WHAT TO PRODUCE - Send back the data below exactly. Drop every picture.

===== GIVEN INFORMATION

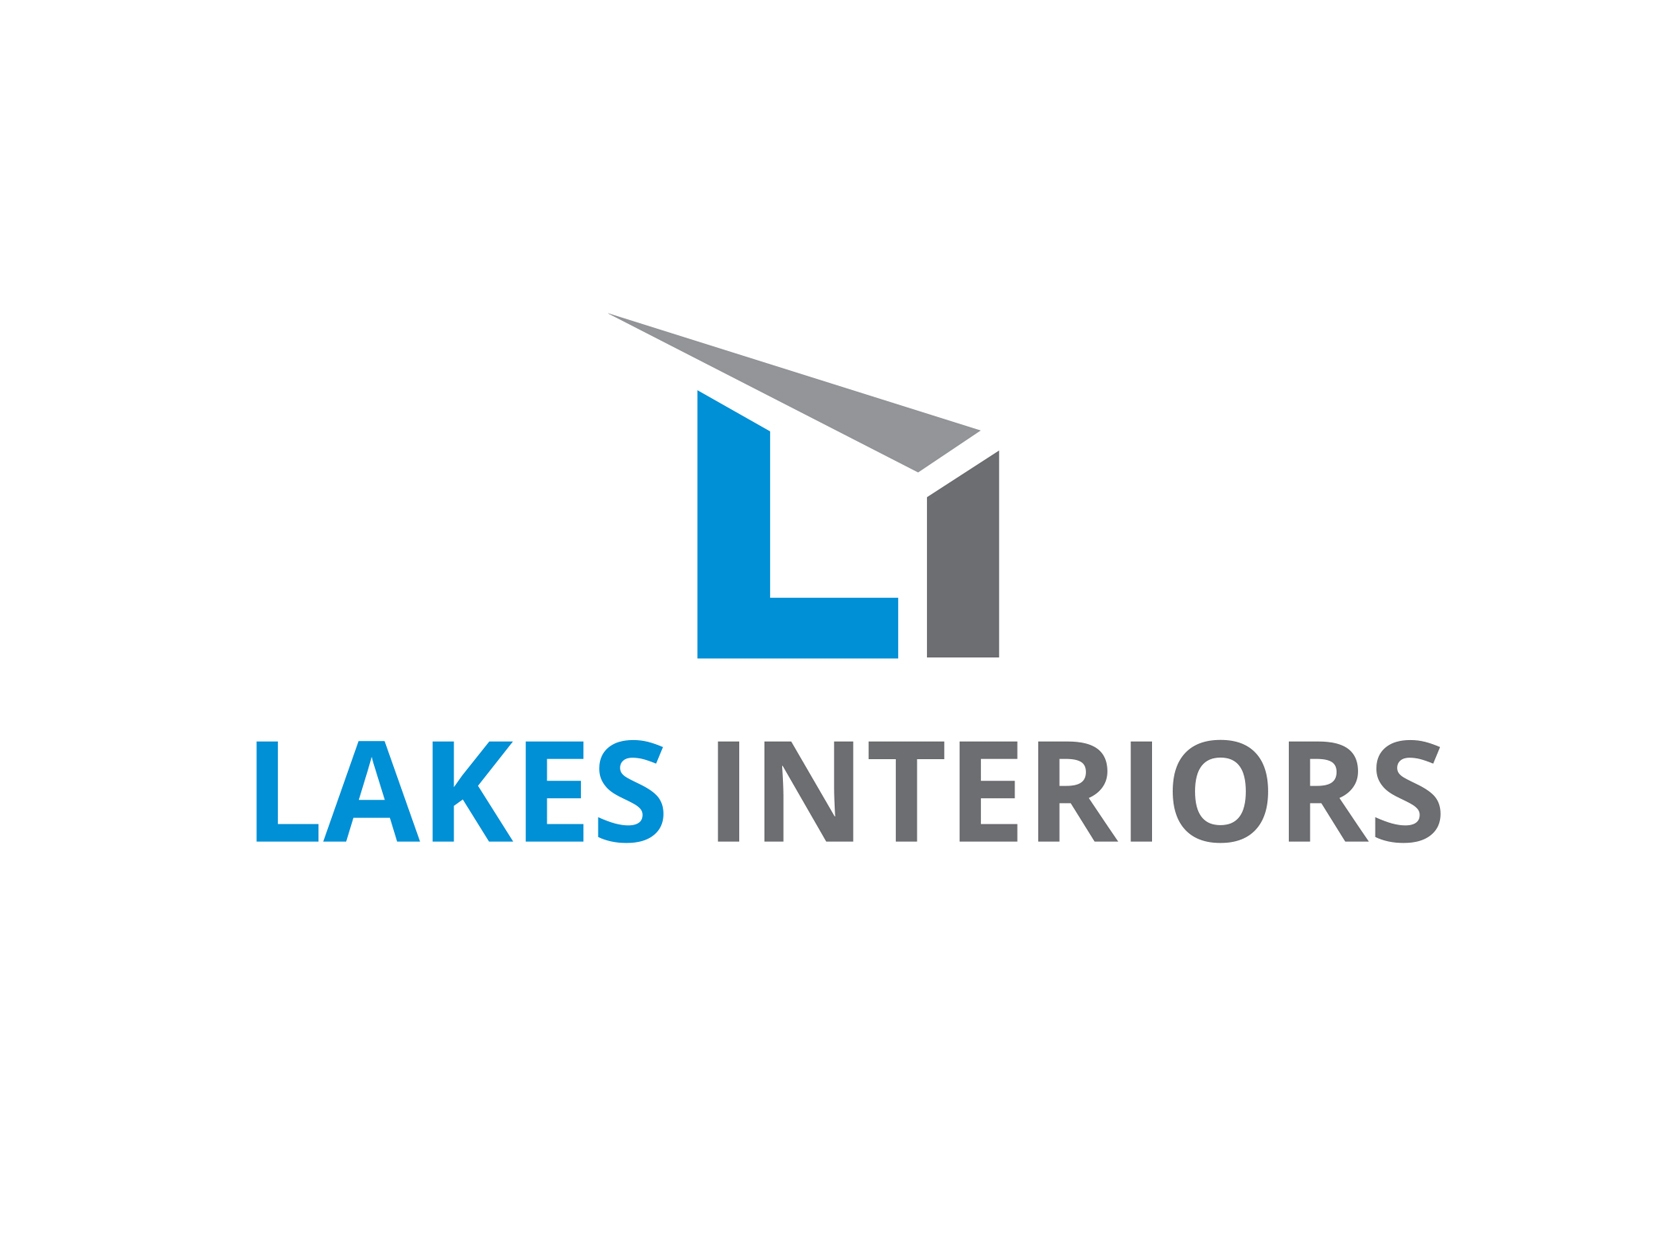 lakes-logo
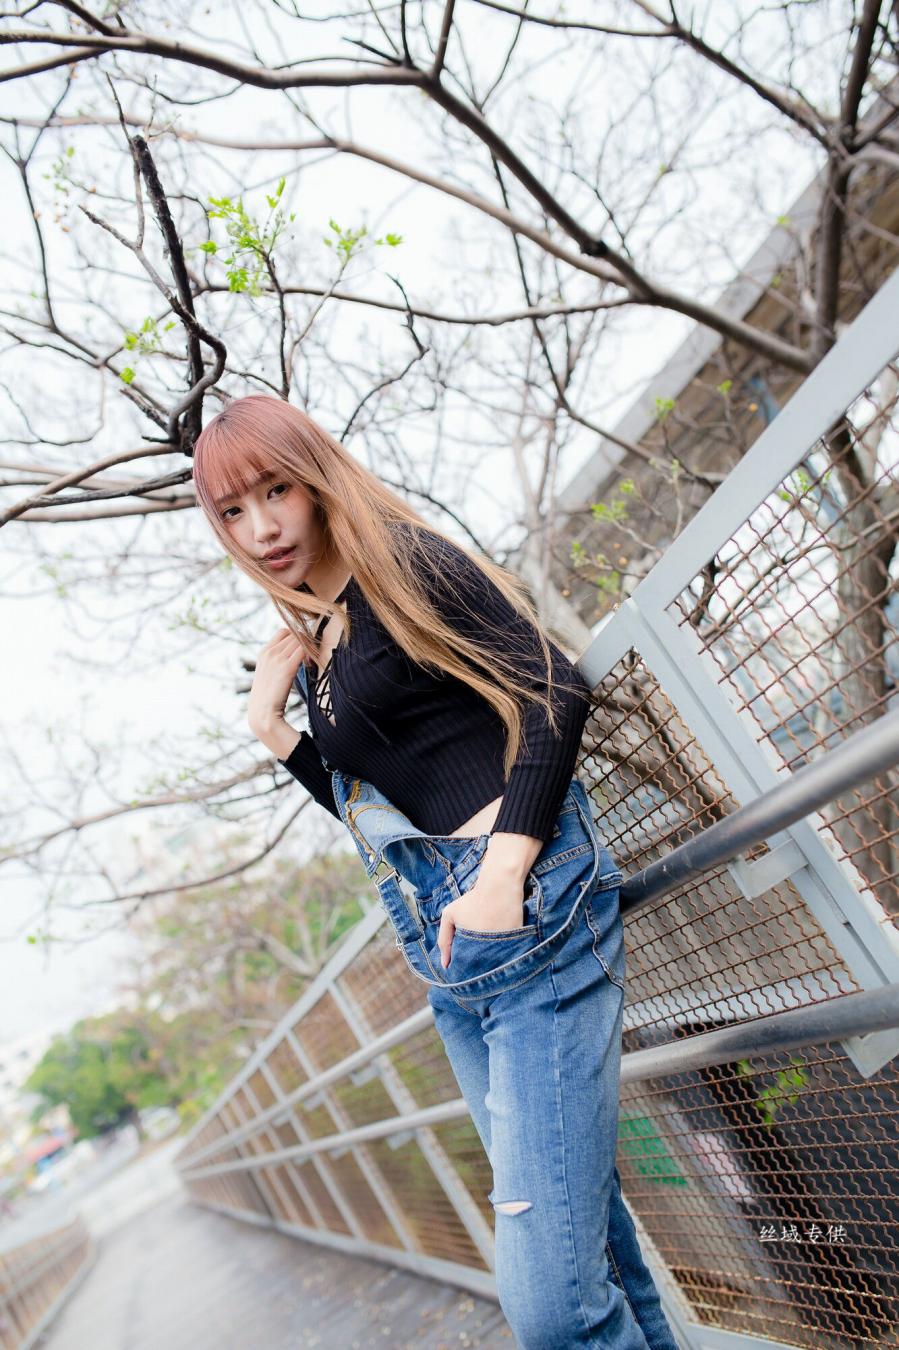 Taiwan Pretty Girl Bi Bi Er Jean Hot Pants Pictures
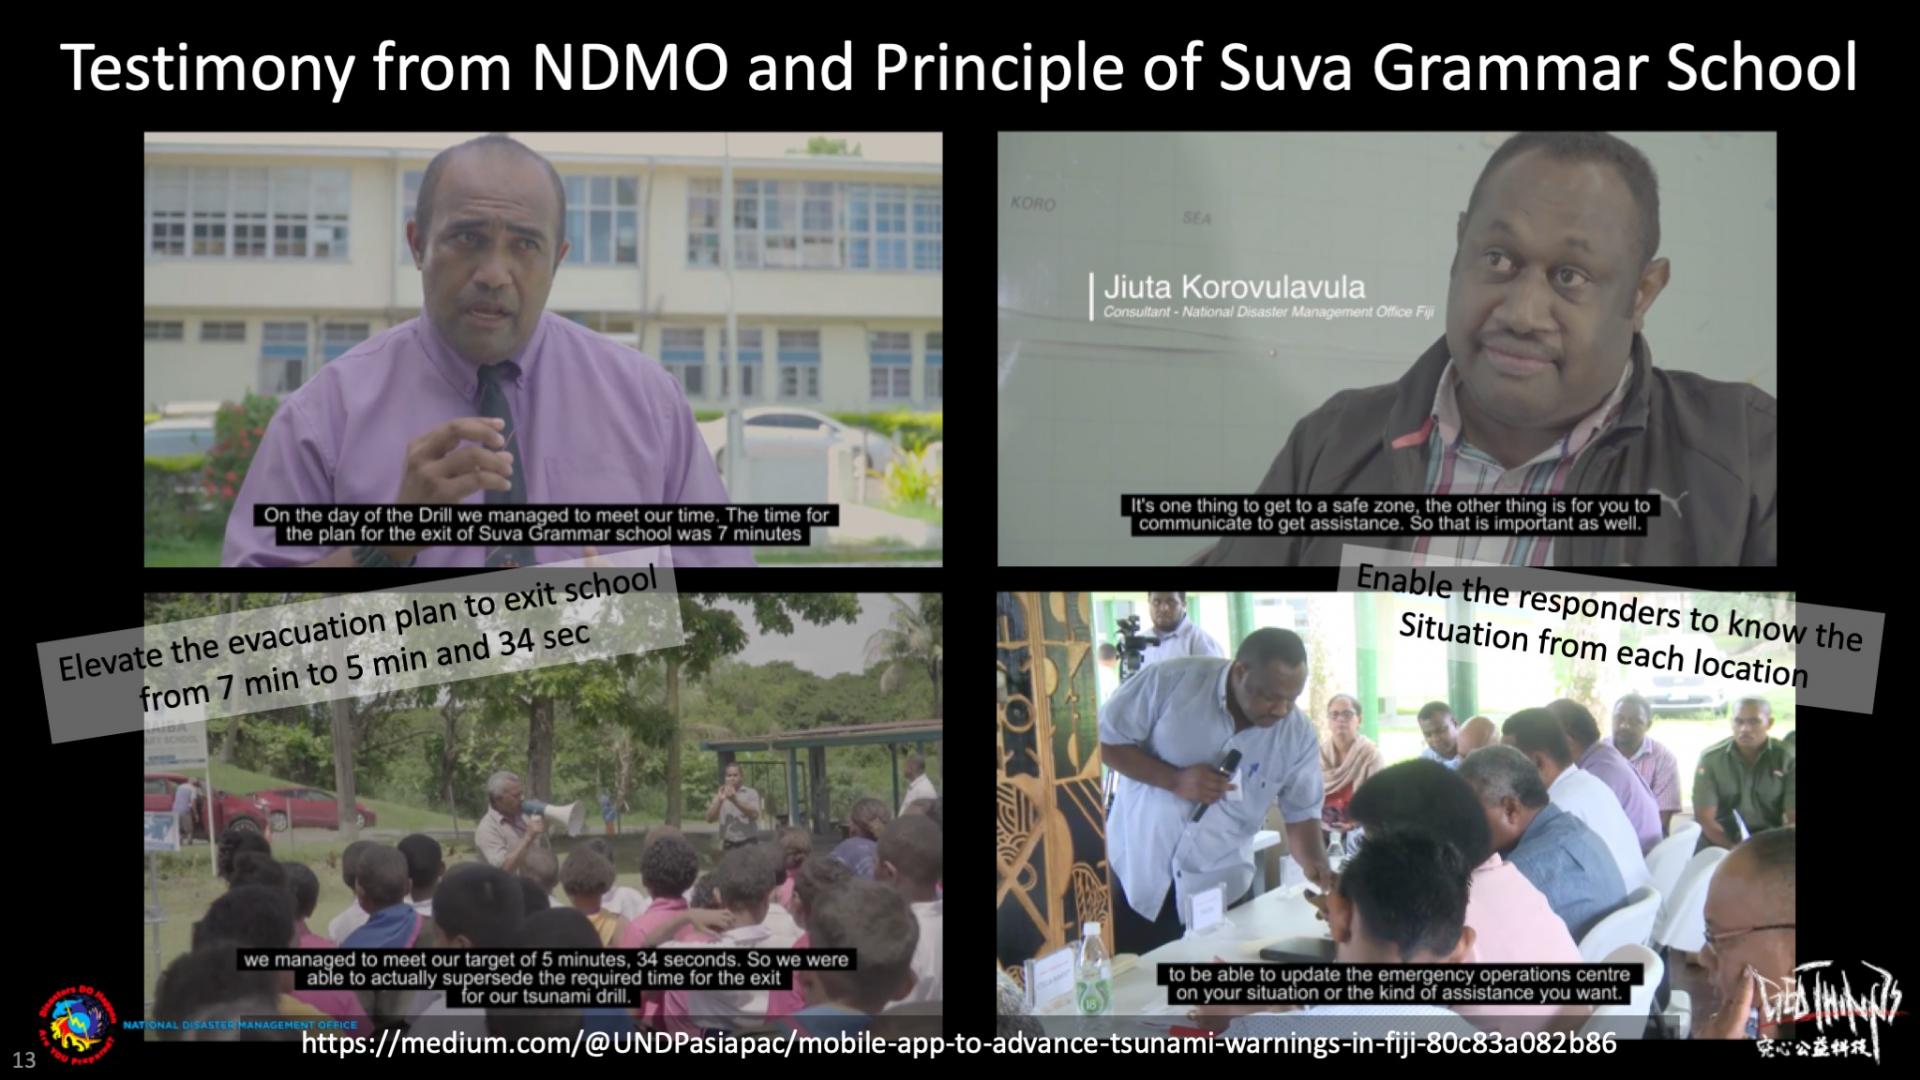 Testimony from NDMO and Principle of Suva Grammar School using geoBingAn
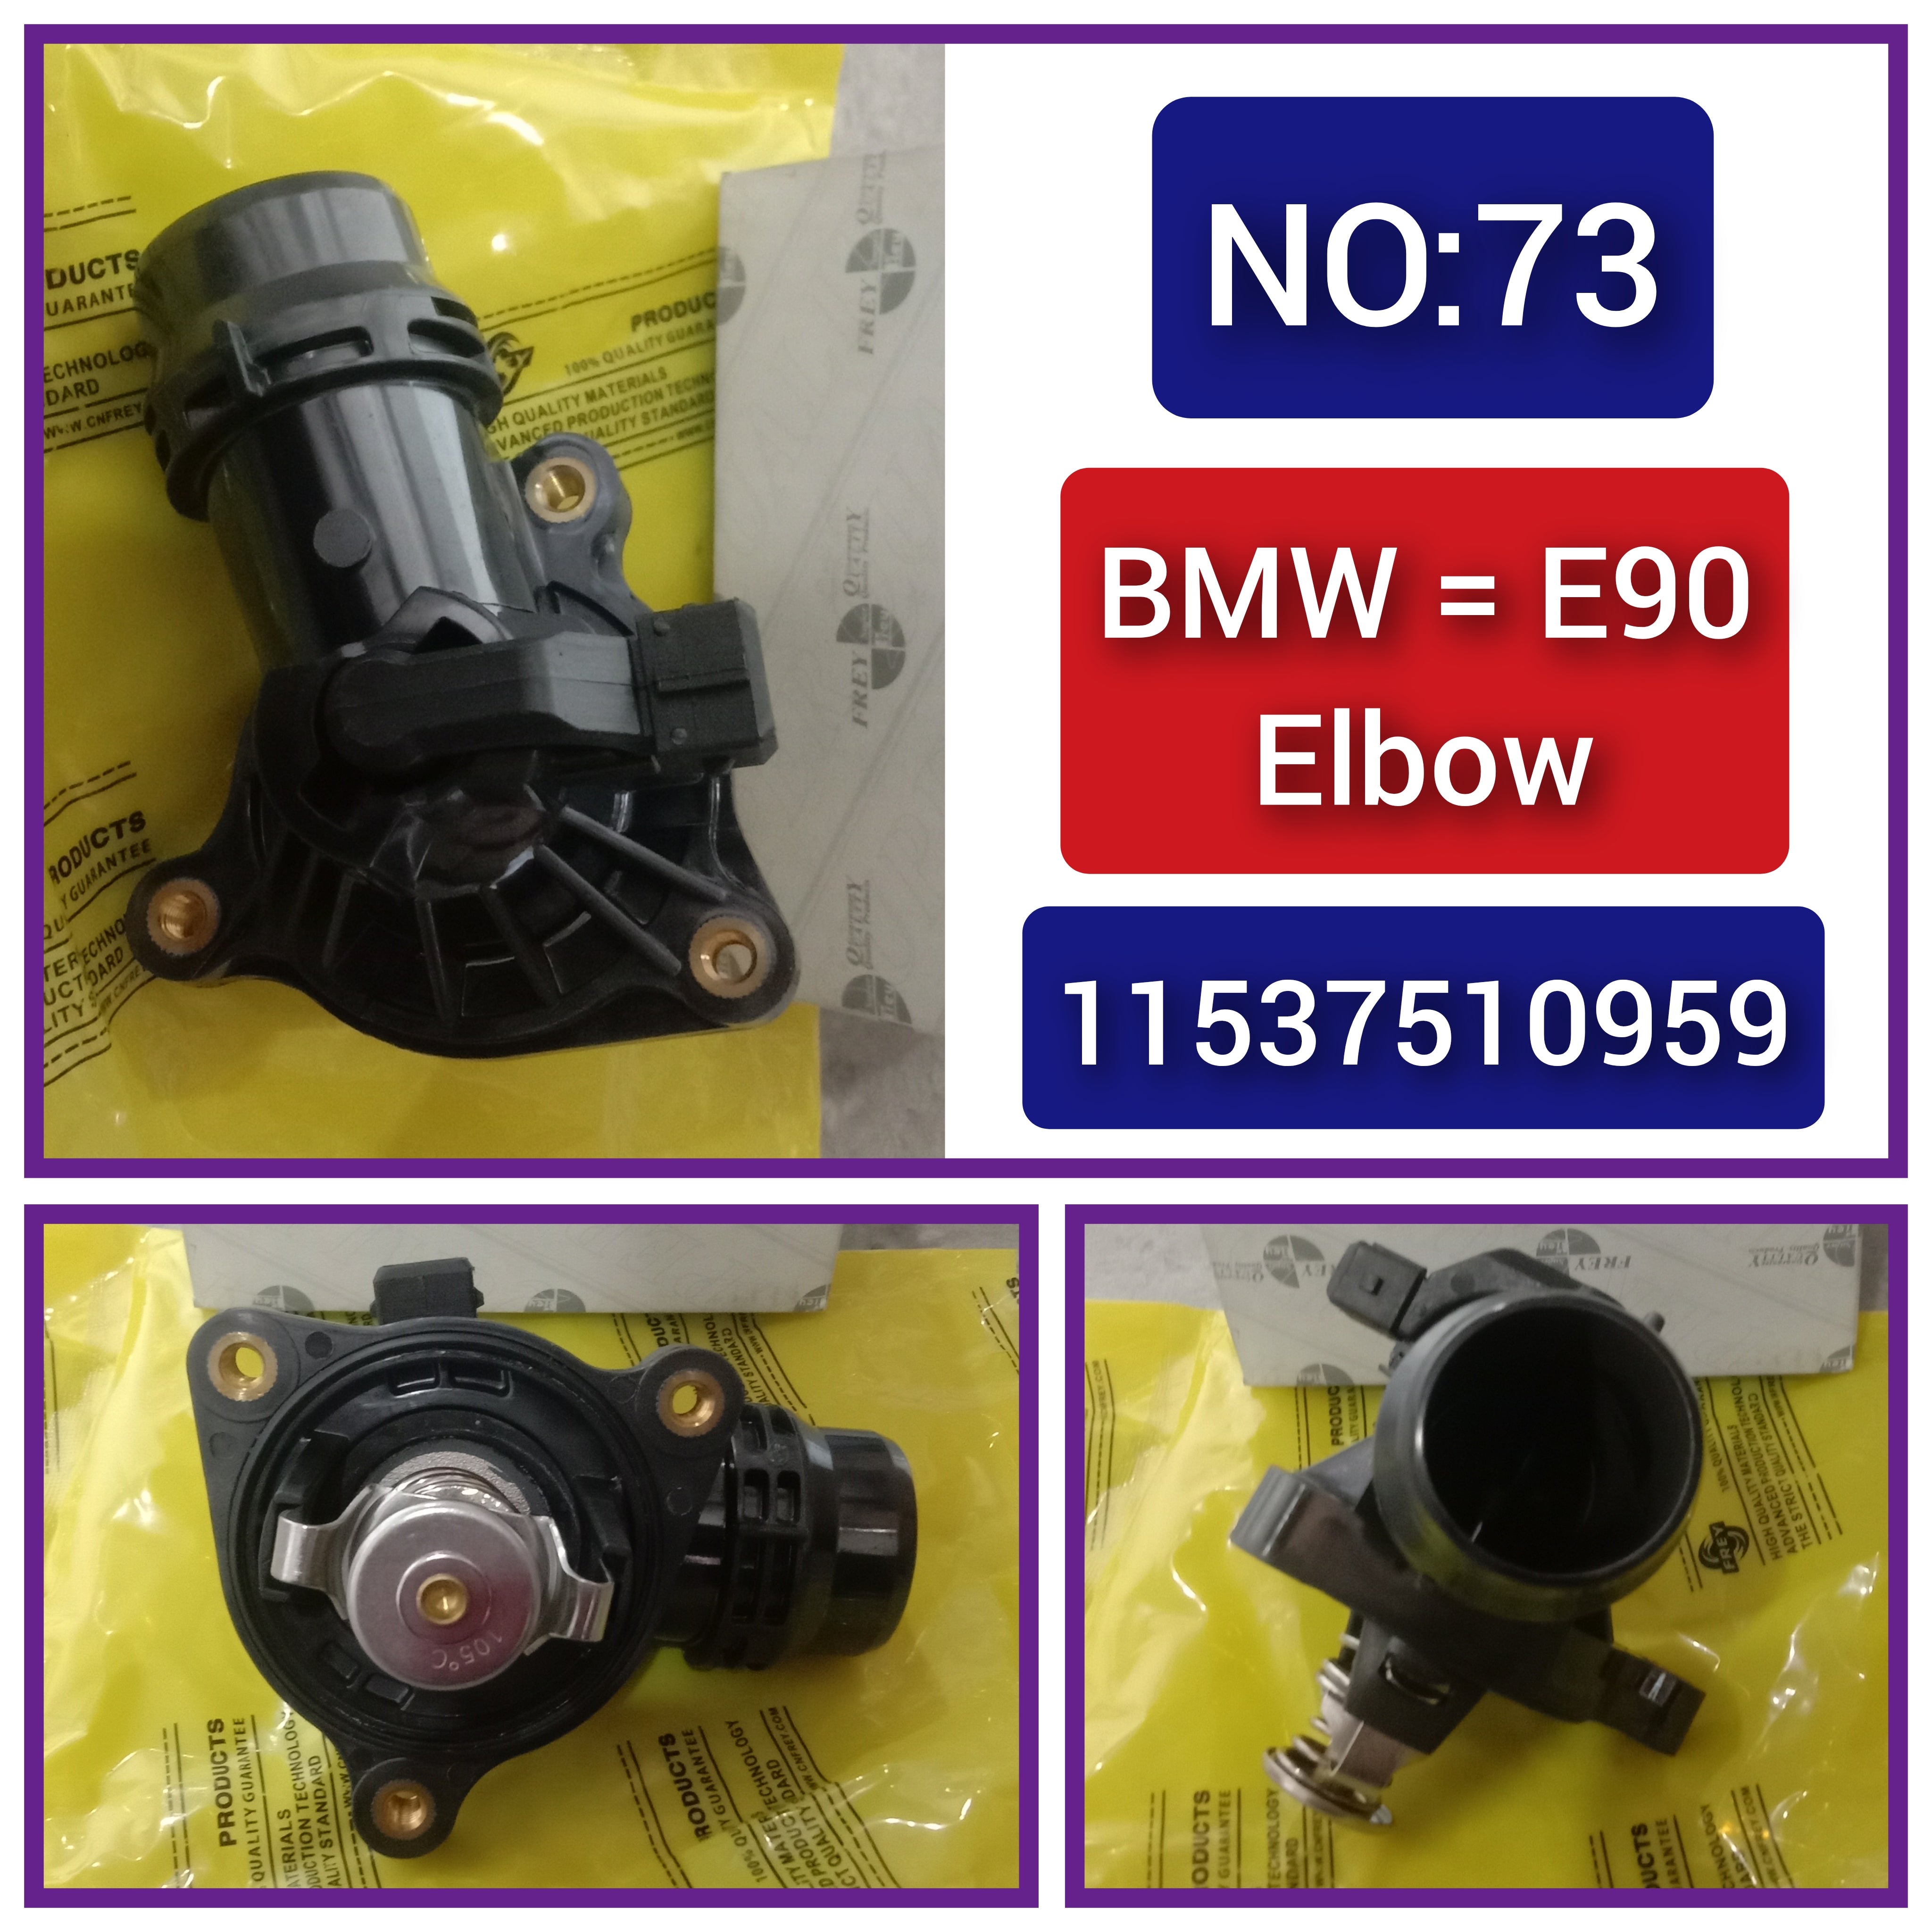 Elbow (Thermostat) 11537510959 For BMW 3 Series E90 & X1 E84 Tag-E-73

==========

RESPONSE TO THE EXERCISE -
 lakes-logo
 Taiwan Pretty Girl Bi Bi Er Jean Hot Pants Pictures
 Testimony from NDMO and Principle of Suva Grammar School using geoBingAn
 Elbow (Thermostat) 11537510959 For BMW 3 Series E90 & X1 E84 Tag-E-73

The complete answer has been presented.